Secondary As Guardrail Metrics

Moving on, perhaps a second use case for secondary metrics might include setting them as simple guardrails. That is, our traditional primary metrics stay as such but additional ones are also tracked. These guardrails are then factored into our acceptance criteria. For example: we'll only accept the test if our primary metric is satisfied while additional secondary ones that do not deteriorate (or meet some predefined conditions).

Multiple Secondary Metrics?

Here is a rather exploratory use case for which I lack the math background and is only meant as a question. But let's assume that we had a set of three secondary metrics that we knew all correlated with the primary. Could we minimize uncertainty by making an acceptance decision when all three secondary metrics pointed in the same direction of effect? This is more of a hunch.

Aggregate Metrics?

Similarly to the above exploratory use case, could we combine both secondary and primary metrics in some way to minimize uncertainty and make a better decision, faster? Is there less uncertainty when primary metrics show consistent effects with secondary metrics? Again, here intuition tells me yes, but this is simply an open question.

Secondary As Inspiration

Last but not least, while designing experiments some teams also appended secondary metrics for greater visibility into how people interact (or don't interact) with UI elements. These metrics can later become inspirational sources for follow up experiment iterations. Perhaps a variant might increase error rates, make people edit their carts more often or something else. Such interactions are only visible if measured.
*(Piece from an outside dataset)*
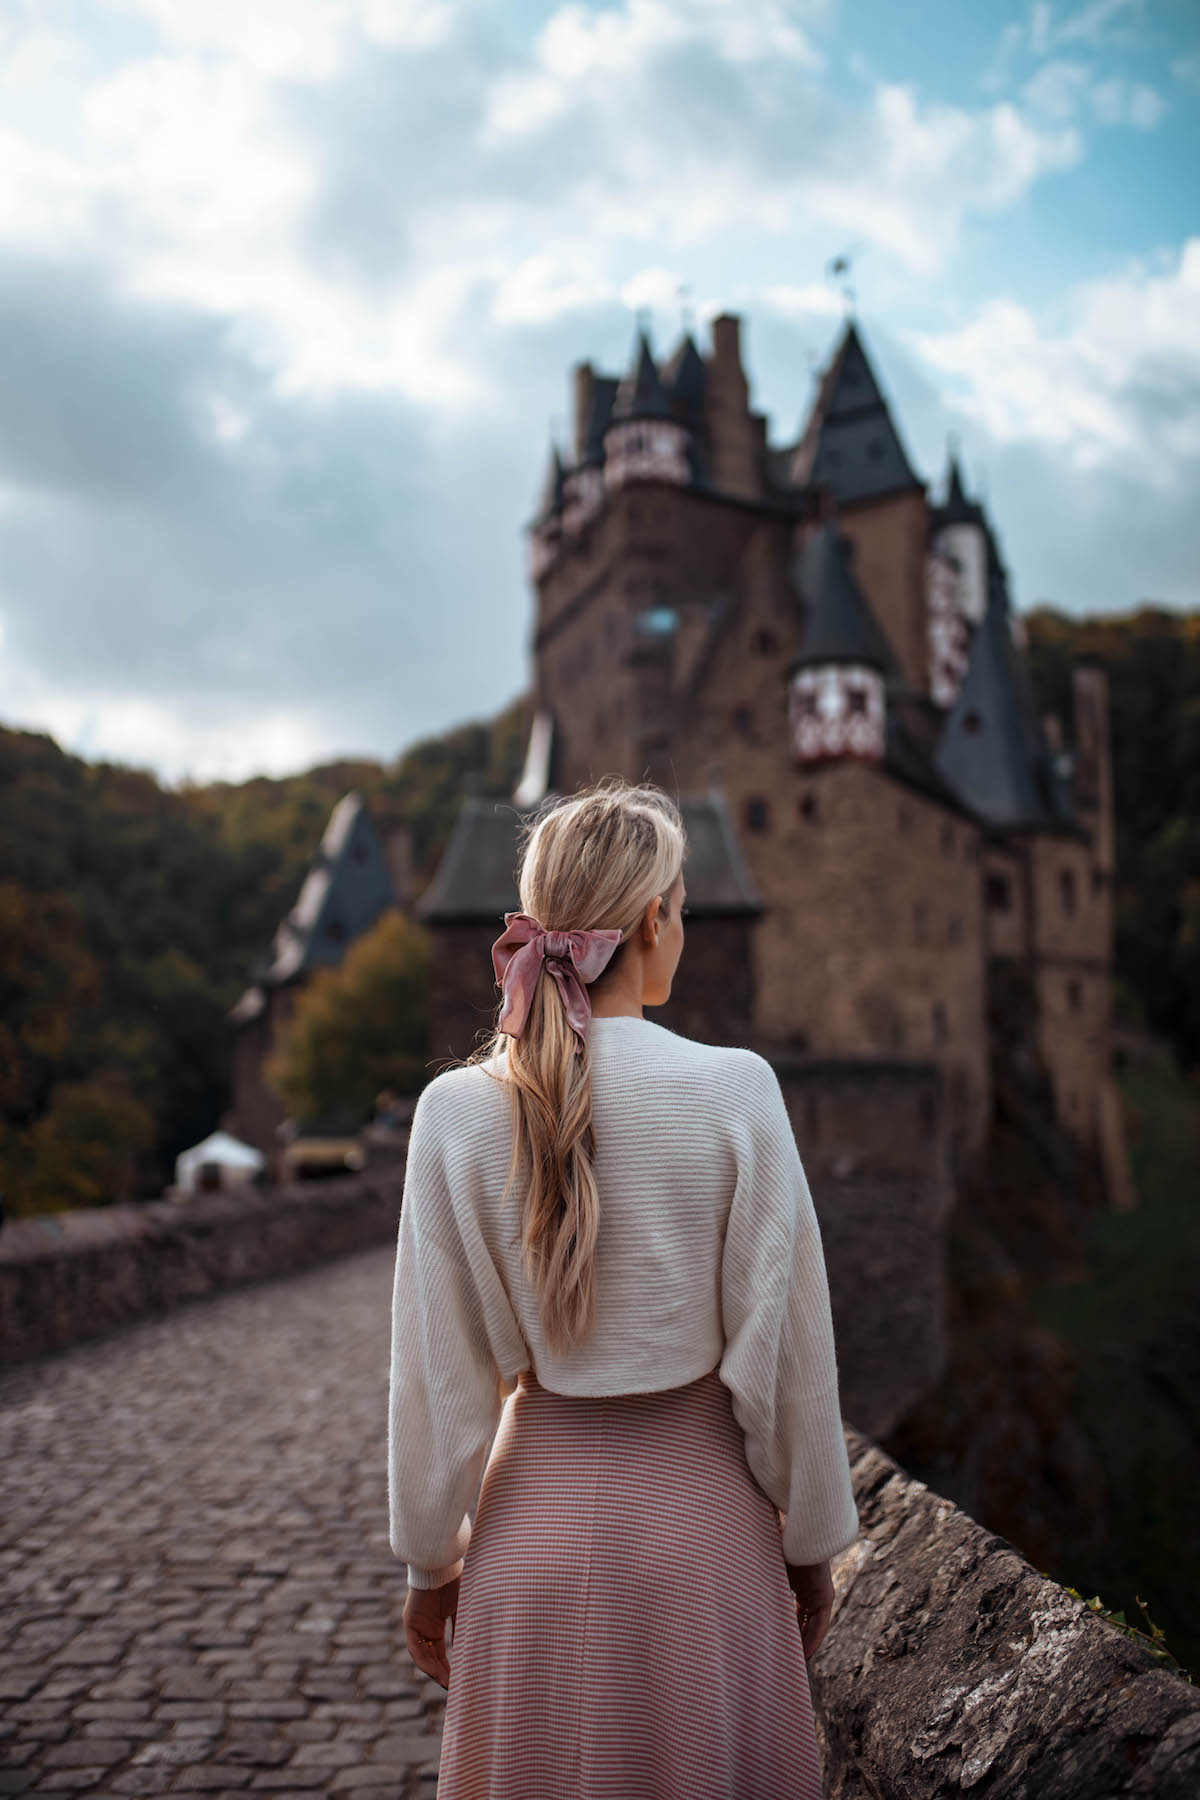 Eltz Castle Germany

Seeing these additional metrics of course can lead to new questions and new experiments. So secondary metrics here might act as bridges for iteration.
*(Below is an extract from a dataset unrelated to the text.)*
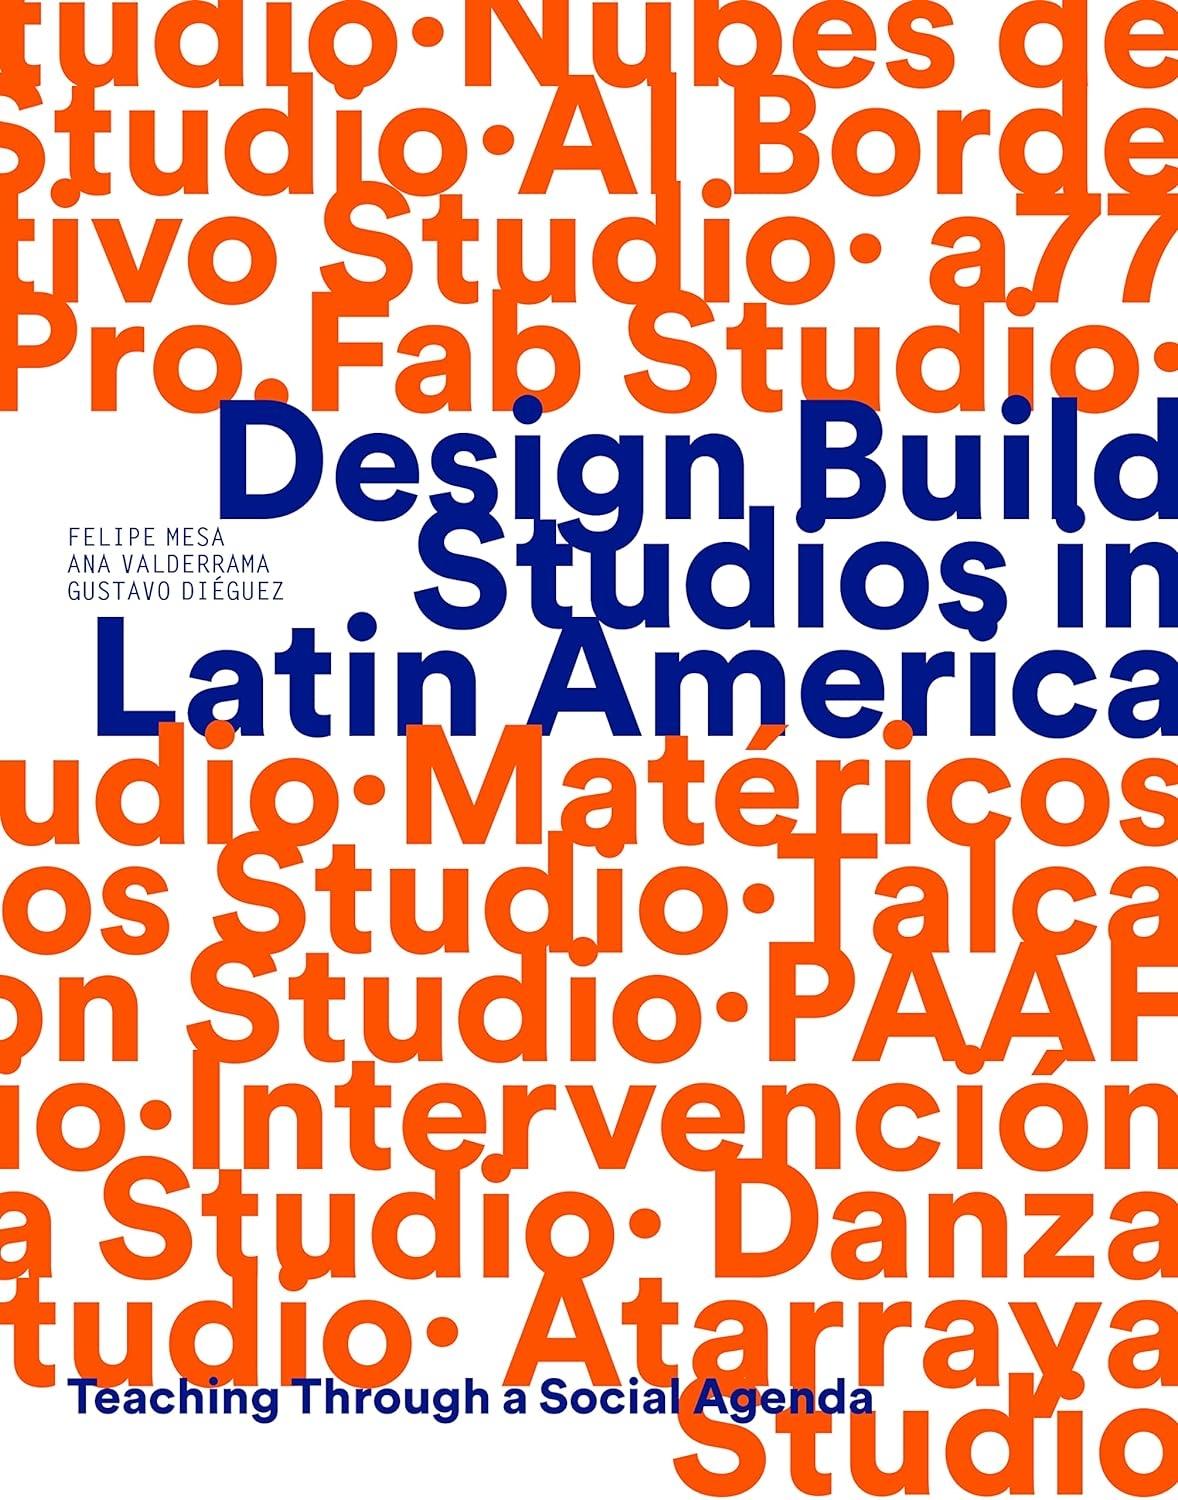 DESIGN BUILD STUDIOS IN LATIN AMERICA

This analysis does begin to show consistently across data sets that some metrics may be correlated with varying degrees. My judgement on this is it would probably be better to rely on such a secondary metric than no metric at all. At the same time we should stay aware that not all add-to-cart increases will lead to increases in sales as correlation doesn't equal causation. Hopefully these data sets inspire further analysis.